«La Prealpina» - 28 marzo 2011
La traversata del lago

ltpa, il prof di geografia diventa romanziere
Libro di Raffaele sul declino del nostro lago

VARESE - Nei giorni scorsi, all'ltpa "Nuccia Casula", è stato presentato un libro edito da Arterigere intitolato "La traversata del lago". L'iniziativa è stata organizzata dalla sezione provinciale dell'Associazione Italiana insegnanti di Geografia, presieduta dal professor Valerio Raffaele che ha introdotto l'autore, Raffaele Pugliese, docente di ruolo di Geografia al Casula da dodici anni e residente ormai da quattro lustri nella nostra città.
La sua sensibilità di geografo attento al territorio che lo ospita da quando ha lasciato la sua terra d'origine, la Basilicata, ne qualificano il cimento letterario.
Pugliese durante la presentazione ha raccontato: «Il protagonista, il giovane Amerigo, vive sulle sponde del lago di Varese e apprende da Ezio, vecchio e saggio pescatore, la storia naturale del suo lago. La conoscenza del mondo esteriore gli è infatti indispensabile per la comprensione del suo universo interiore travagliato dal lutto della perdita del padre e dall'incertezza sulla scelta dell'indirizzo da dare al suo futuro».
Lo scrittore descrive inoltre il dramma dell'inquinamento del lago culminato in una notte del luglio del 1964 quando il livello di ossigenazione delle acque, per effetto dell'eutrofizzazione, scese così in basso da provocare un'ingente moria di persici, alborelle ed altre specie ittiche. Il libro ripercorre questa infelice esperienza vissuta non solo dai pescatori, ma dall'intera comunità insediata intorno al lago.

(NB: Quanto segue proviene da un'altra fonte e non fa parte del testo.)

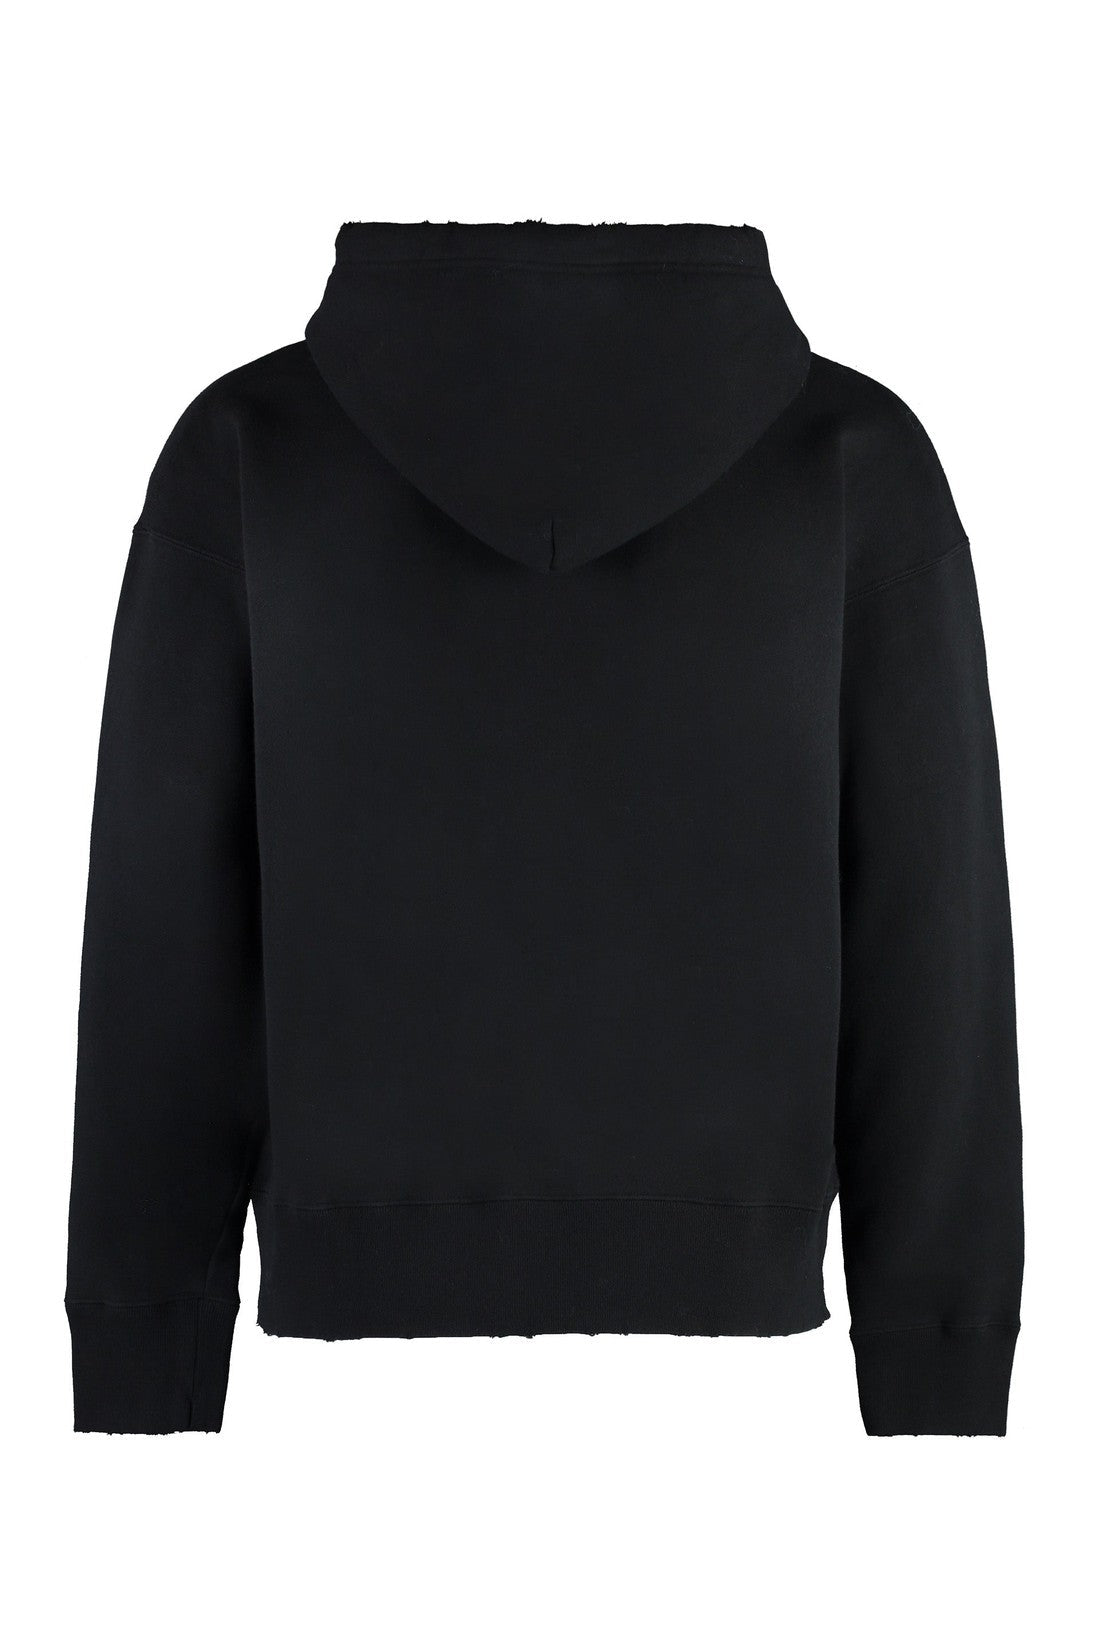 Maison Mihara Yasuhiro-OUTLET-SALE-Full zip hoodie-ARCHIVIST

Da quel momento tutti si resero conto che questo bacino era gravemente ammalato: il "paradiso" nel quale erano nati Amerigo ed Ezio era andato perduto.
Nel romanzo si parla anche di luoghi: dal profilo austero del Campo dei Fiori che si specchia nel lago al promontorio del Pizzo, dall'isolino Virginia al Tinella, dal chiostro di Voltorre al Canale Brabbia che collega il lago alla Palude omonima.
Il lettore riceve anche utili stimoli per accostarsi al vissuto - e non solo ad una visione panoramica e lontana - di questo bacino. Così il lago di Amerigo rinasce e si arricchisce nella geografia dell'immaginario di chi ne legge la storia. Pugliese ha concluso: «Ogni romanzo ha una geografia che emerge dalla trama letteraria come sistema di relazioni e oggetti che strutturano e sorreggono il discorso narrativo. Talvolta questa rete è così evidente che l'opera viene inserita nella grande categoria della letteratura di viaggio».
Numerose domande dei presenti hanno ulteriormente contribuito a far conoscere l'autore e il suo sforzo letterario che sicuramente continuerà a vantaggio di tutti, in particolare anche della scuola varesina.